• [TASK STATEMENT] Your answer should hold the data exactly as given, minus any picture.

• [DATA SECTION]

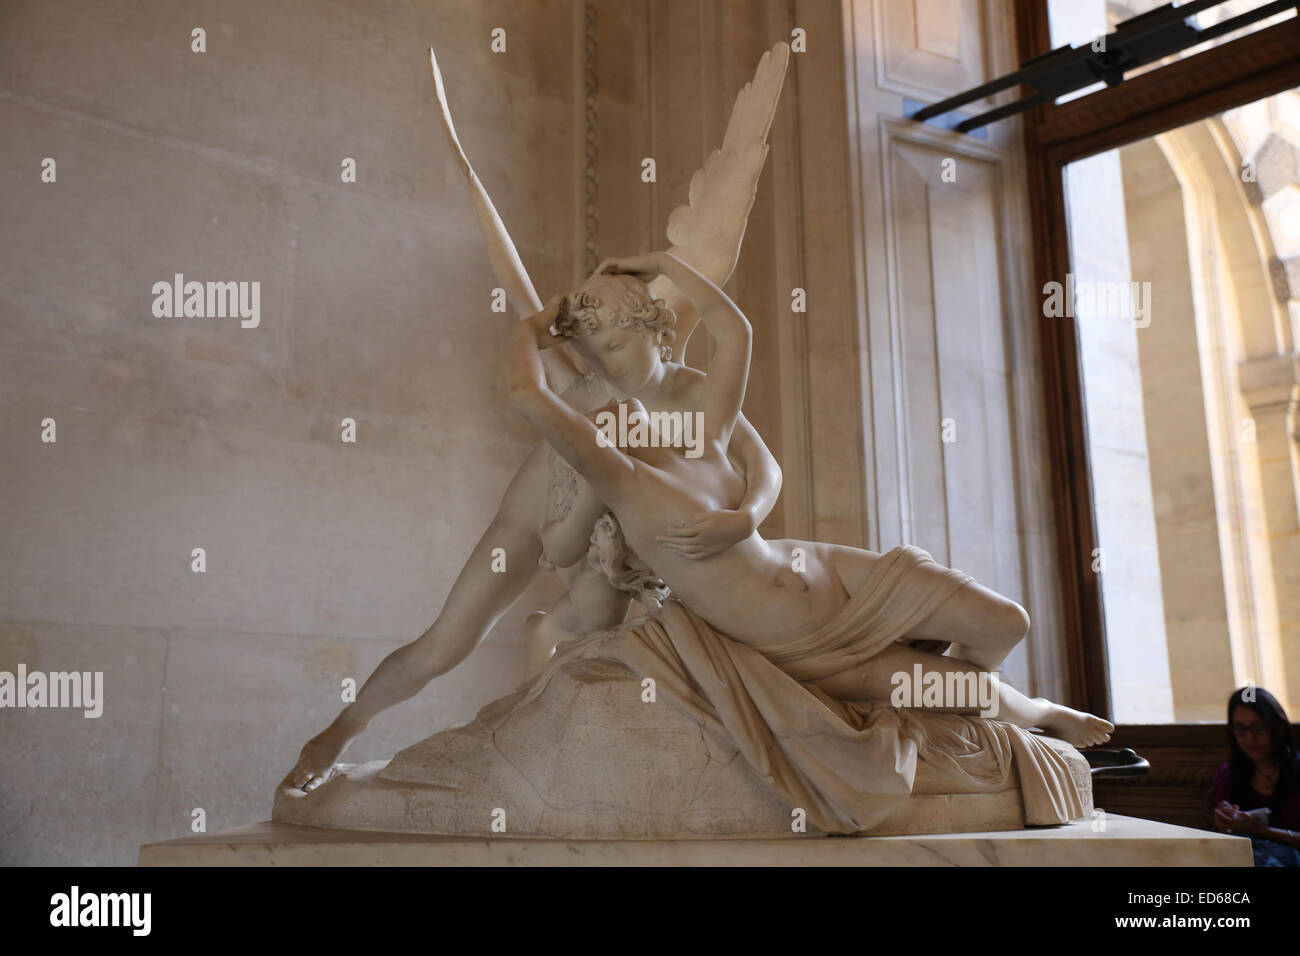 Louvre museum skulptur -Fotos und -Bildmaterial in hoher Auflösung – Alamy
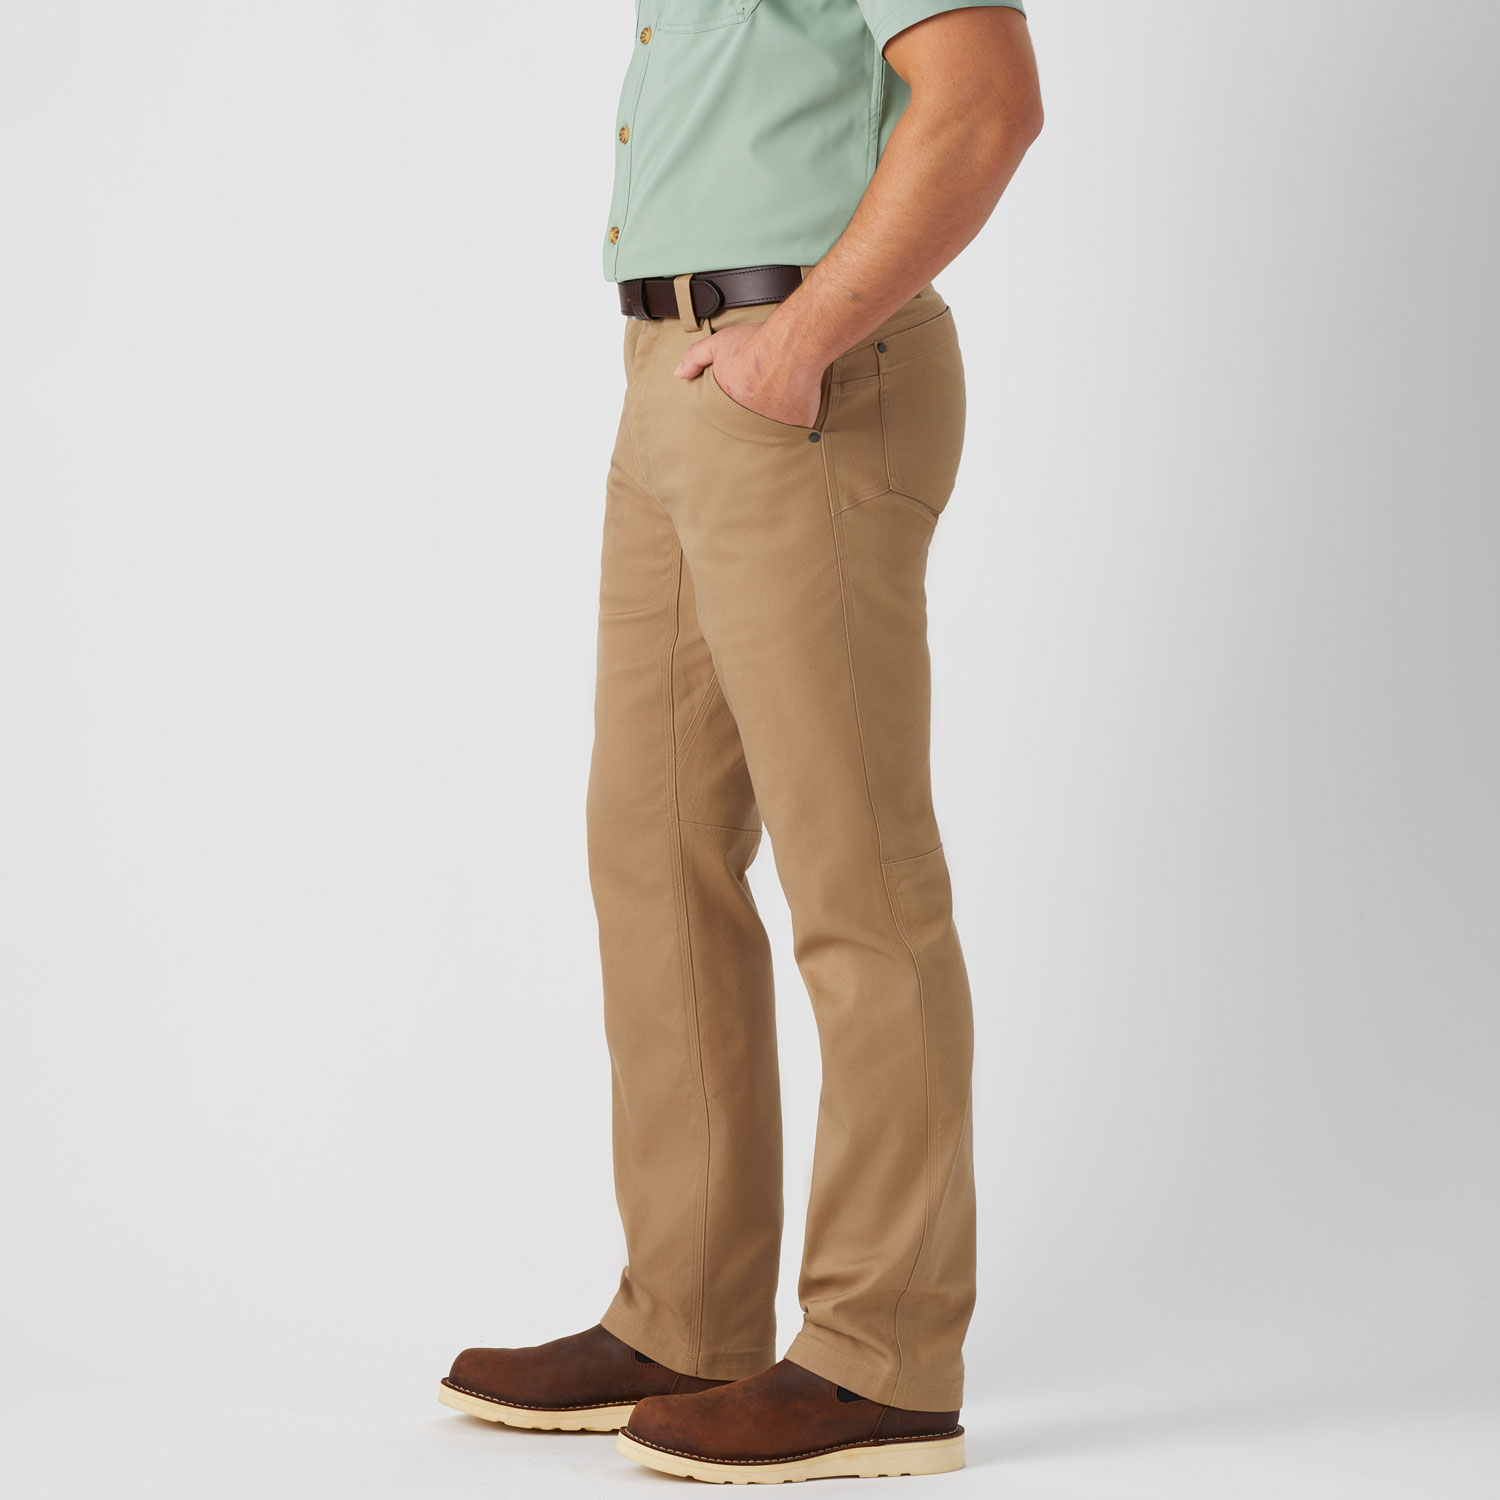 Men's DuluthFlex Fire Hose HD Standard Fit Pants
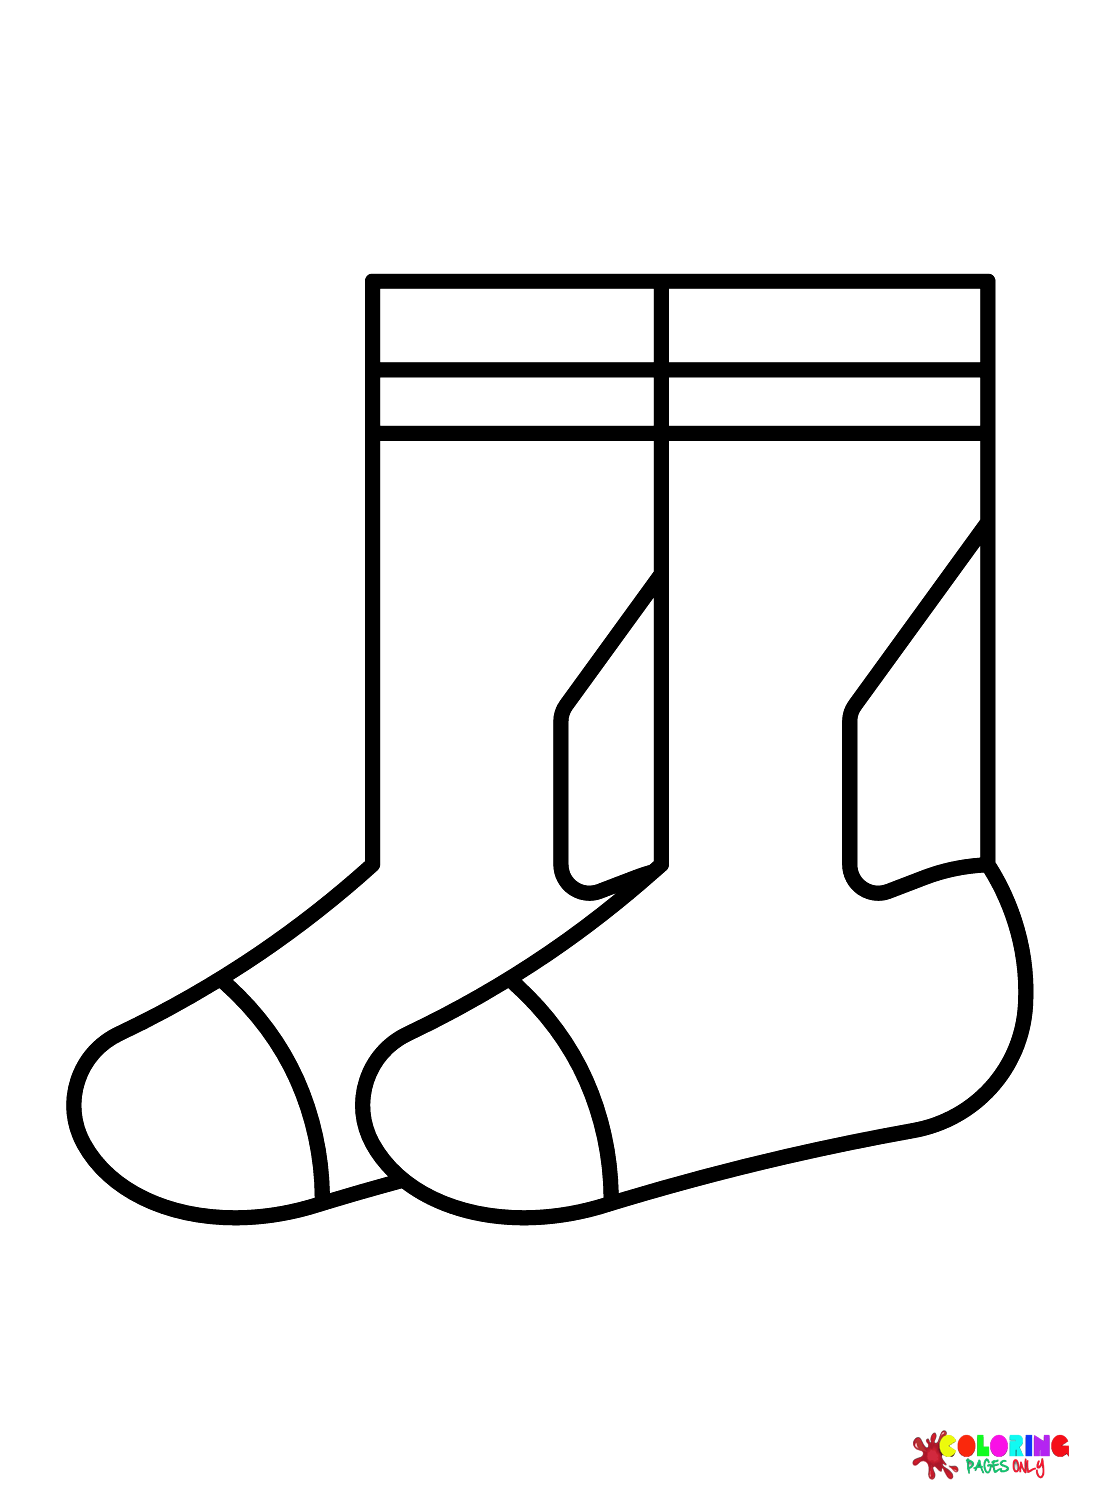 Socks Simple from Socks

• [RESPONSE]
 Louvre museum skulptur -Fotos und -Bildmaterial in hoher Auflösung – Alamy
 Men's DuluthFlex Fire Hose HD Standard Fit Pants
 Socks Simple from Socks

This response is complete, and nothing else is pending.